Subtract this reset tensor from the cumulative sum tensor. This results in the tensor where the value is the index of the token in an original input sequence. We will combine this with the backwards count to get the total length.

forward_count = cumulative_sum - cumulative_max

# [0, 1, 0, 1, 2, 3, 0]

(5) Apply in reverse

Reverse the original input mask (1) and repeat (2)-(4) on this reversed tensor. This results in a backwards count:

backwards_count = [0, 1, 0, 3, 2, 1, 0]

(6) Combine forward and backwards pass

Combine the two counts to create a tensor where each token is the length of the input sequence it's a member of (subtracting 1 for 1-based indexing):

seq_lens = forward_count + backwards_count - 1
# [0, 1, 0, 3, 3, 3, 0] 

(7) Mask with sequence length

Mask this tensor to where the value is the length of the original input.

original_len = 3

mask = (seq_lens == original_len)

# [0, 0, 0, 1, 1, 1, 0 ]: correct!

If this manual example does not do it for you, I encourage you to run the colab notebook to see the method in action with real dataset samples.

Colab Notebook Walkthrough

Access a walkthrough here.

Putting it all together

Extending this to work with real sequences (and batches!) looks like the following function:

def input_text_mask_vectorized(original_input_ids, templated_ids, pad_token_id):
    # Create mask for tokens that exist in original input
    original_token_mask = torch.stack( 
    [torch.isin(templated_ids[b], original_input_ids[b]) for b in range(templated_ids.size(0))],
    dim=0)

    # Cumulative sum of original tokens up to each position
    cumulative_original_count = torch.cumsum(original_token_mask, dim=-1)
    
    # Find reset points where non-original tokens break the sequence
    reset_positions, _ = torch.cummax(cumulative_original_count * (~original_token_mask).float(), dim=-1)
    
    # Count consecutive original tokens from left
    consecutive_from_left = cumulative_original_count - reset_positions
    
    # Flip and repeat process for counting from right
    flipped_mask = original_token_mask.flip(dims=[-1])
    flipped_cumsum = torch.cumsum(flipped_mask, dim=-1)
    flipped_reset_positions, _ = torch.cummax(flipped_cumsum * (~flipped_mask).float(), dim=-1)
    consecutive_from_right = (flipped_cumsum - flipped_reset_positions).flip(dims=[-1])
    
    # Total consecutive length at each position
    consecutive_length = (consecutive_from_left + consecutive_from_right - 1) * original_token_mask
    
    # Get actual length of each original sequence (excluding padding)
    original_sequence_lengths = (original_input_ids != pad_token_id).sum(dim=-1)

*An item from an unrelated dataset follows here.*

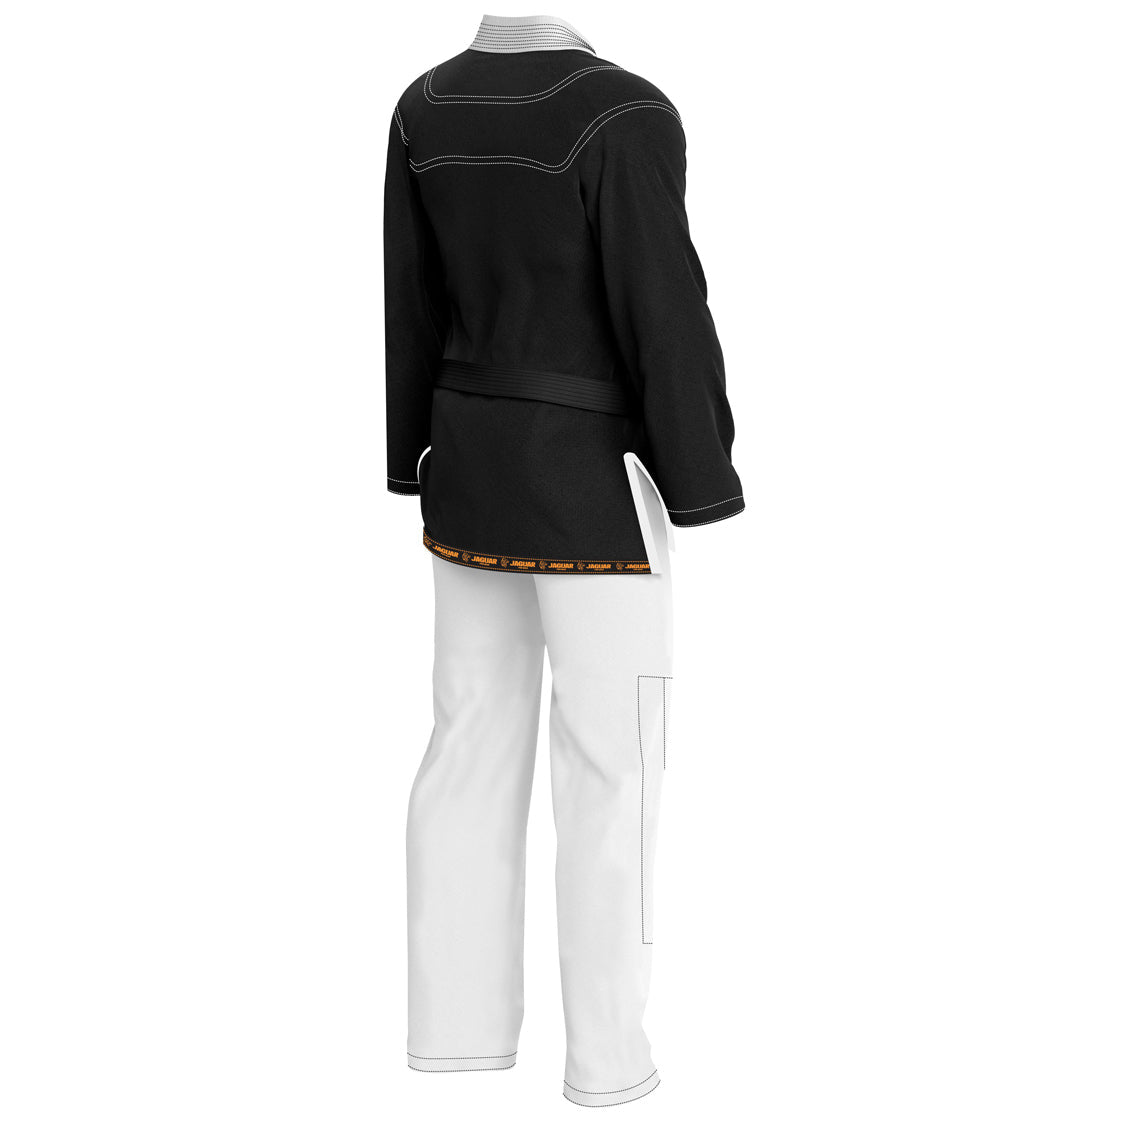 Black shirt white trouser

    # Mask positions where consecutive length equals full original sequence length
    complete_sequence_mask = consecutive_length == original_sequence_lengths.unsqueeze(1)

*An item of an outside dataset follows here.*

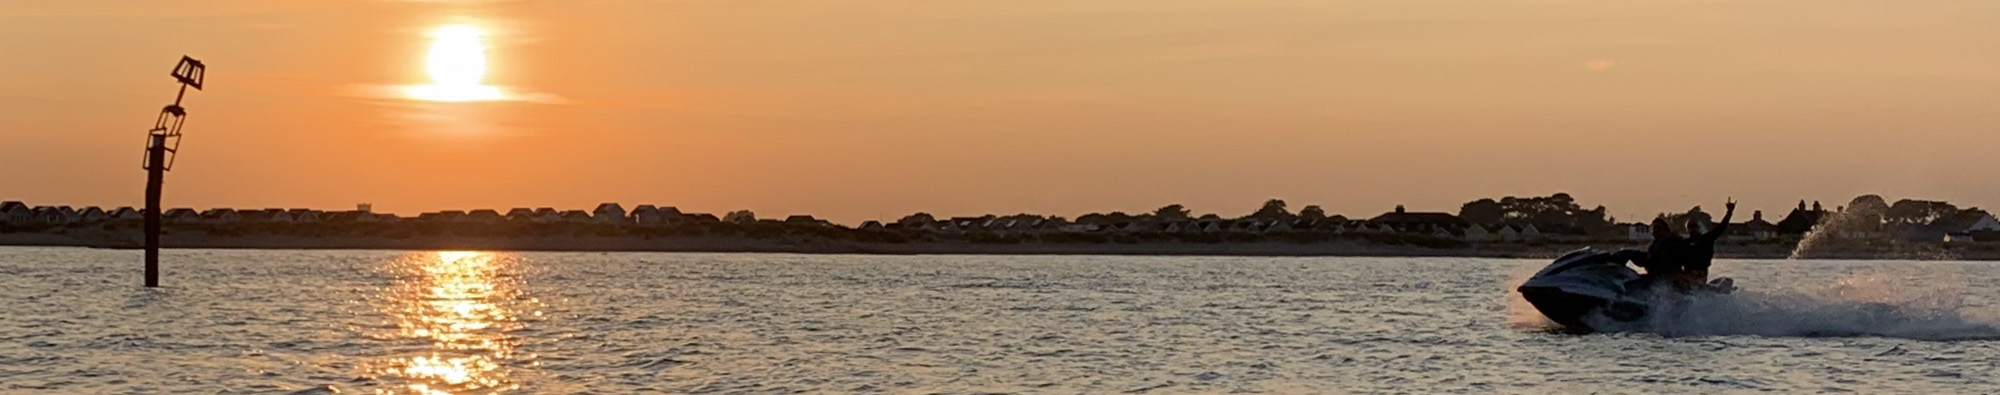 Jetskifix sandbanks sunset

    return complete_sequence_mask

Is this any faster?

Vectorized Time complexity

  1. .isin check: O(N*M) work for original seq length M and templated seq len N.
  2. .cumsum and .cummax: O(N) work, O(log N) span using a parallel scan.
  3. Element-wise operations (add, mul, sub): O(N) work.

The algorithm is dominated by the O(N*M) membership check. For the parallelized cumulative sum, a binary tree is used under the hood and the widest span of elements we perform sequential computation on is log(n). Since both of the methods use the membership check, the parallel version is work efficient. We can expect a speedup when run on an accelerator.

Empirical Results

Running each of the methods for 3000 iterations, after 25 iterations of warmup, on a batch of shape (10, 446) tokens, we get the following results:

MethodRuntime / batchSpeedup
Iterative76.218ms1.000x
Vectorized6.275ms12.15x

Conclusion

I have spent a lot more time over the past few years working on full-stack applications, so please critique and provide suggestions for how I might improve or simplify this approach. I may have missed an edge case or a simpler solution, so don't be afraid to point out where I am wrong.

At a higher level, I think that the marginal returns to precision in this application might be small. Still, writing this was a useful exercise.